AIM OF THE TASK
With the images removed, transcribe the listing that follows exactly.

INPUT DATA
◇ ◇ ◇ ◇ ◇ ◇ ◇

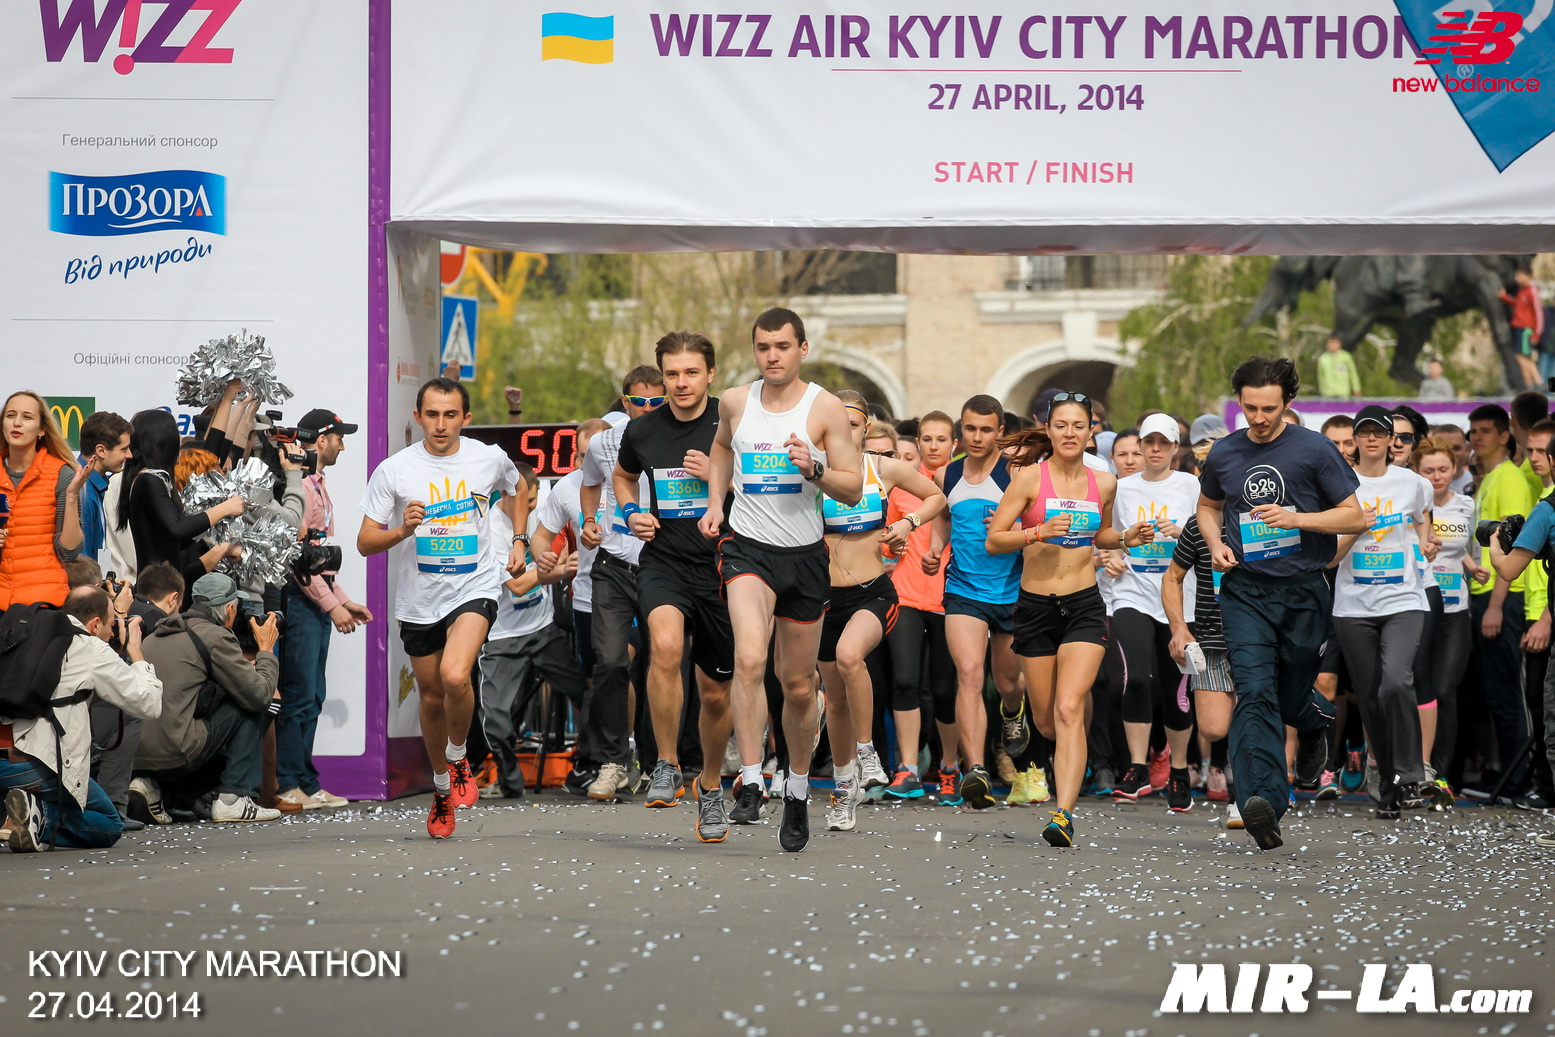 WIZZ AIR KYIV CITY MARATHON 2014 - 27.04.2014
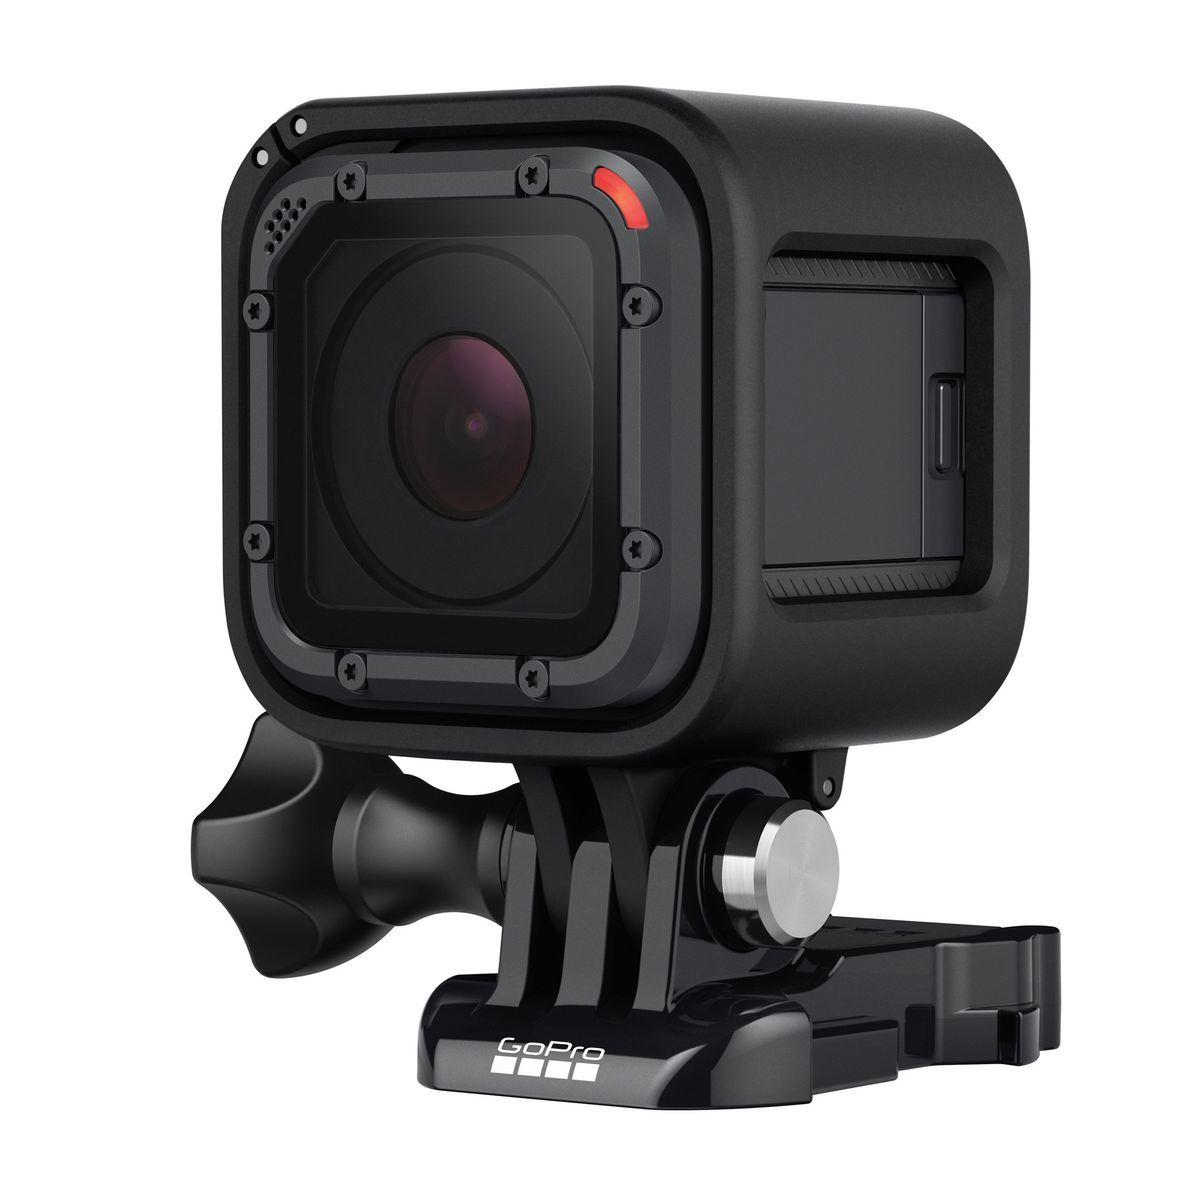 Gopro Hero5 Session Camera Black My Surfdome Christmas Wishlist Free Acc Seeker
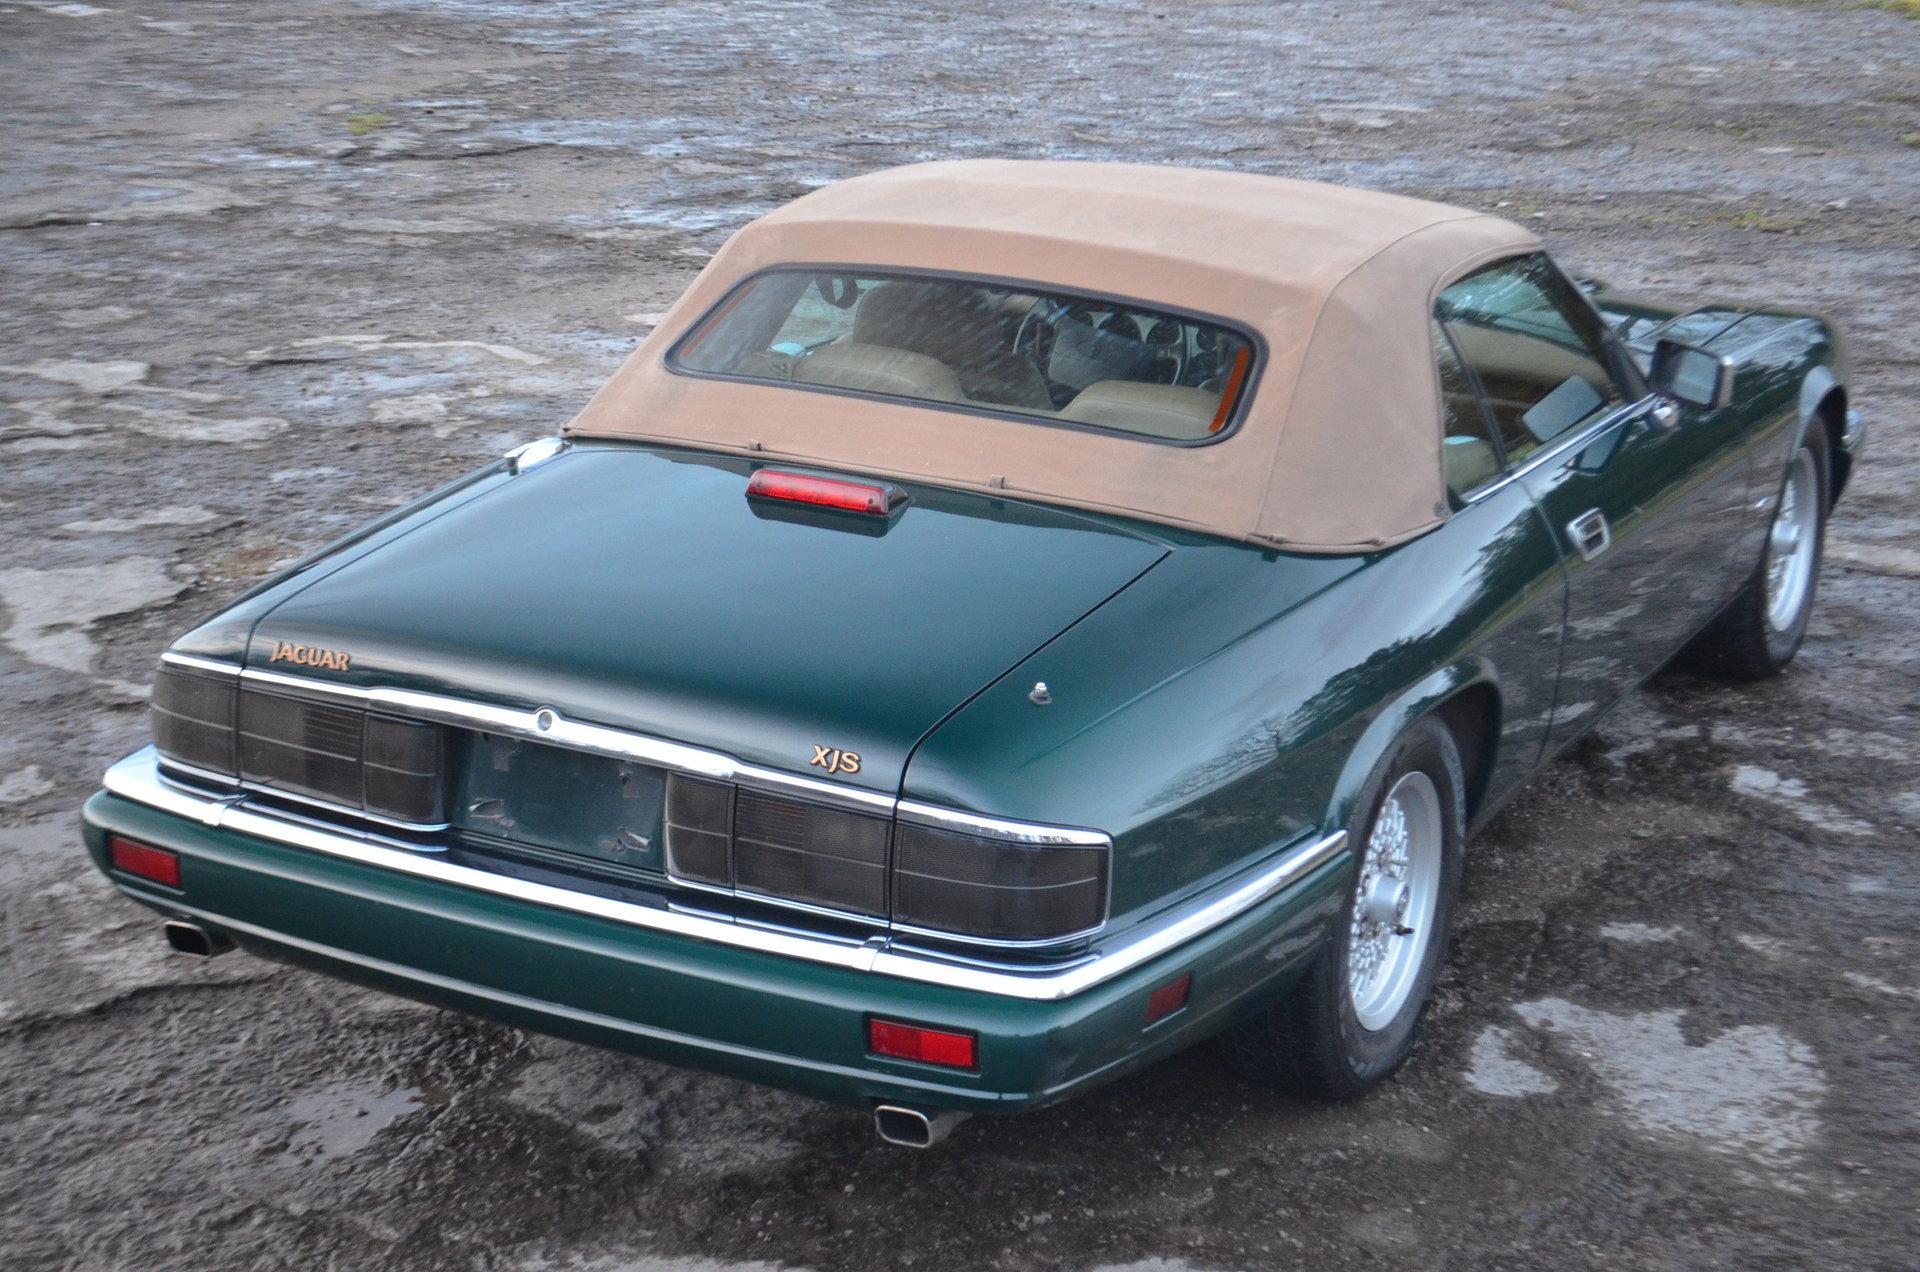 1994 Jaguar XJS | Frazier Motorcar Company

◇ ◇ ◇ ◇ ◇ ◇ ◇

REPLY TO THE TASK
 WIZZ AIR KYIV CITY MARATHON 2014 - 27.04.2014
 Gopro Hero5 Session Camera Black My Surfdome Christmas Wishlist Free Acc Seeker
 1994 Jaguar XJS | Frazier Motorcar Company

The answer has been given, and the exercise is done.